Where we send your data

Your visitor feedback may be reviewed by an automatic spam detection service.

In compliance with the provisions of Organic Law 15/1999, December 13, Protection of Personal Data (‘LOPD’), and the new General Data Protection Regulation (EU GDPR 2016/679) of 24 May 2016, we inform you that your personal data and information that you provide us when completing this electronic form, will be incorporated into a personal data file owned by the owner indicated below.

In this sense, we inform you that the collection and processing of your data is intended to resolve the queries raised about the content of this website. The fields marked with an asterisk are mandatory, being impossible to carry out the purpose expressed if you do not provide that data.
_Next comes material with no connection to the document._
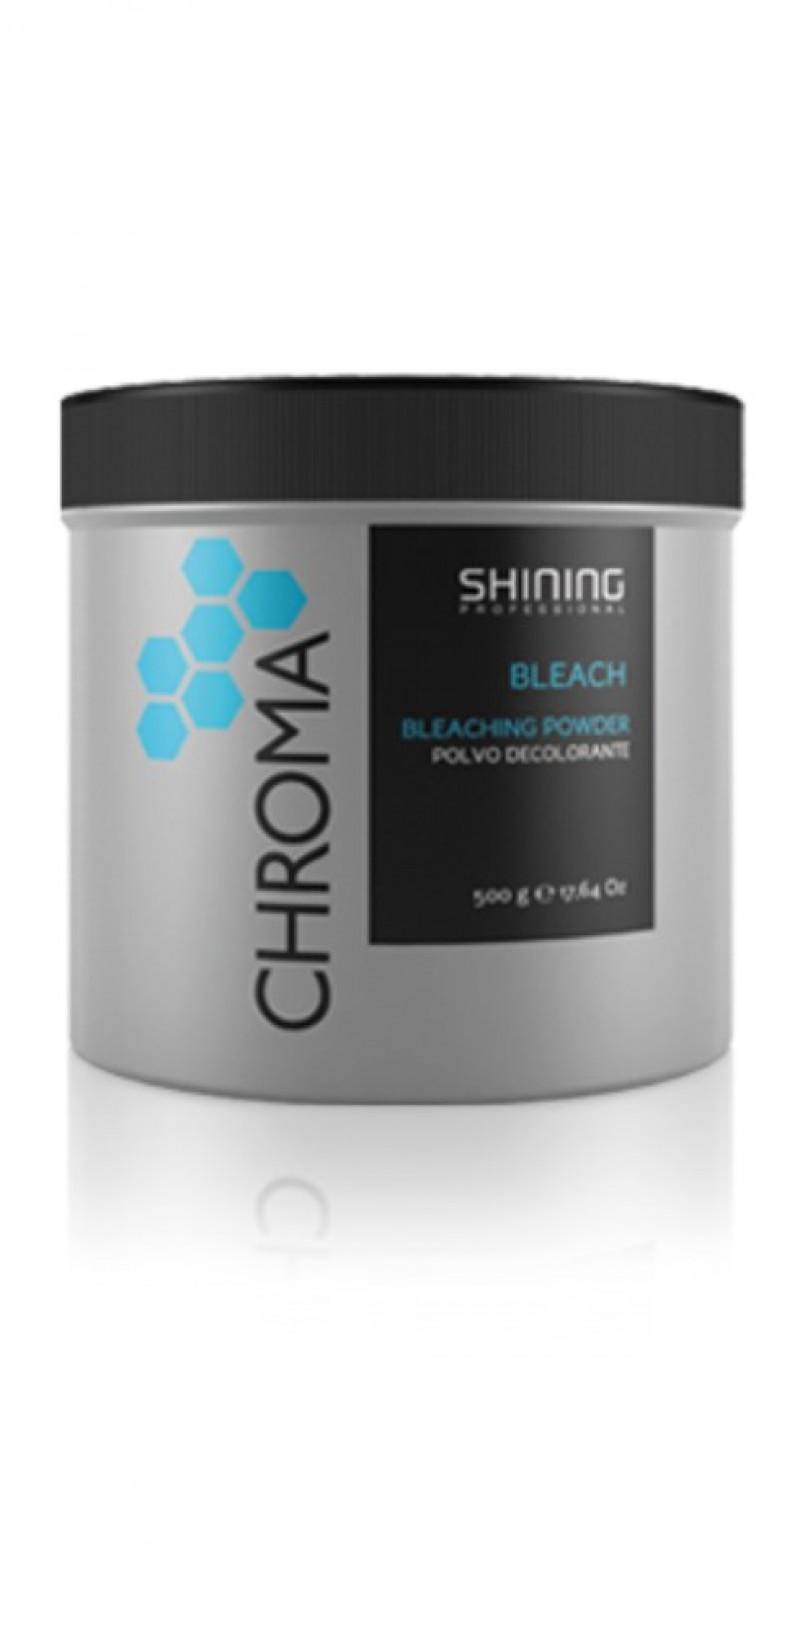 Decoloracion Shining Chroma Bleach 500grs
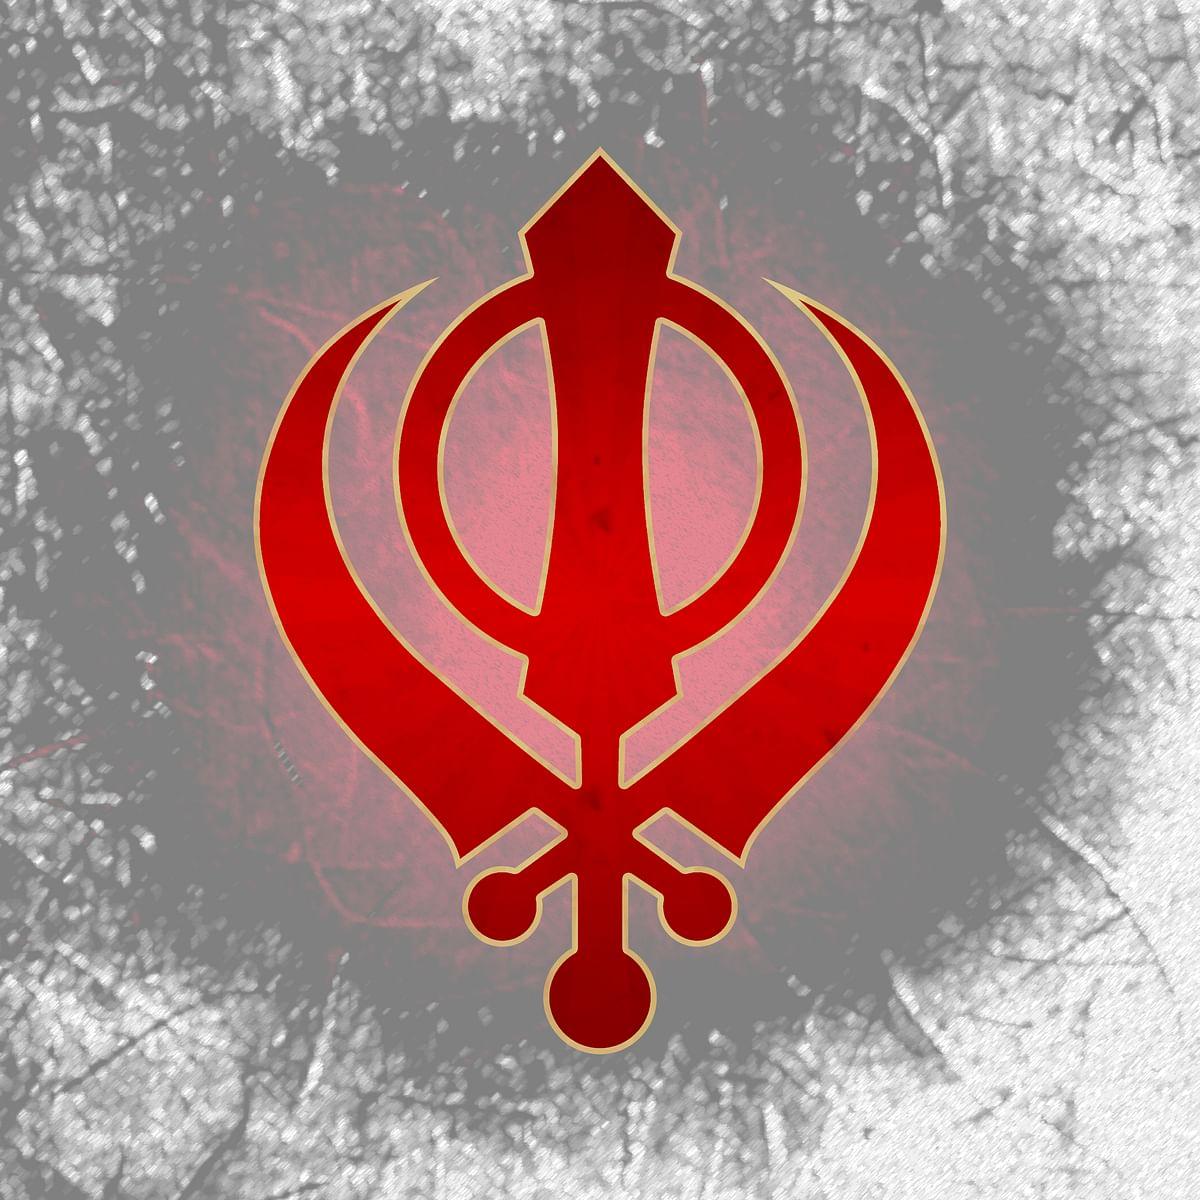 गुरु अर्जन देव जी- Sikh Guru Arjan Dev

In order to use the consultation form, it is essential to check the box of acceptance of the use of your data, this implies that you express your consent so that the data provided are incorporated into an automated file owned by the owner indicated below.

Also, please do not incorporate, in any case, data relating to your health, racial or ethnic origin, religious or philosophical beliefs, political opinions, trade union affiliation, sex life, sexual orientation, genetic data, biometric data or data relating to the commission of criminal or administrative offences. If you do so in error, please contact us immediately to remove them from our database.

In any case, you can exercise the rights of Access, Opposition, Rectification, Suppression, Portability, Limitation and not be subject to individualized decisions, provided for by the Law, by sending an email to the person responsible for the file to the info@xdataser.com address, indicating your name and surname, and including as a subject of the mail “GDPR Rights”.

How long we keep your data

If you leave a comment, the comment and its metadata are retained indefinitely. This is so that we can recognize and approve successive comments automatically instead of keeping them in a moderation queue.

If as a user you register on our website (if applicable), we also store the personal information you provide in your user profile. As a user, you can view, edit, or delete your personal information at any time (except that you can’t change your username). Web administrators can also view and edit that information.

The data collected to complete an invoice will be kept for 6 years after the close of the annual audit, by legal instructions of our financial advisors. If it is requested to be deleted, we will anonymously delete your data and/or delete your information from publicly accessible sites.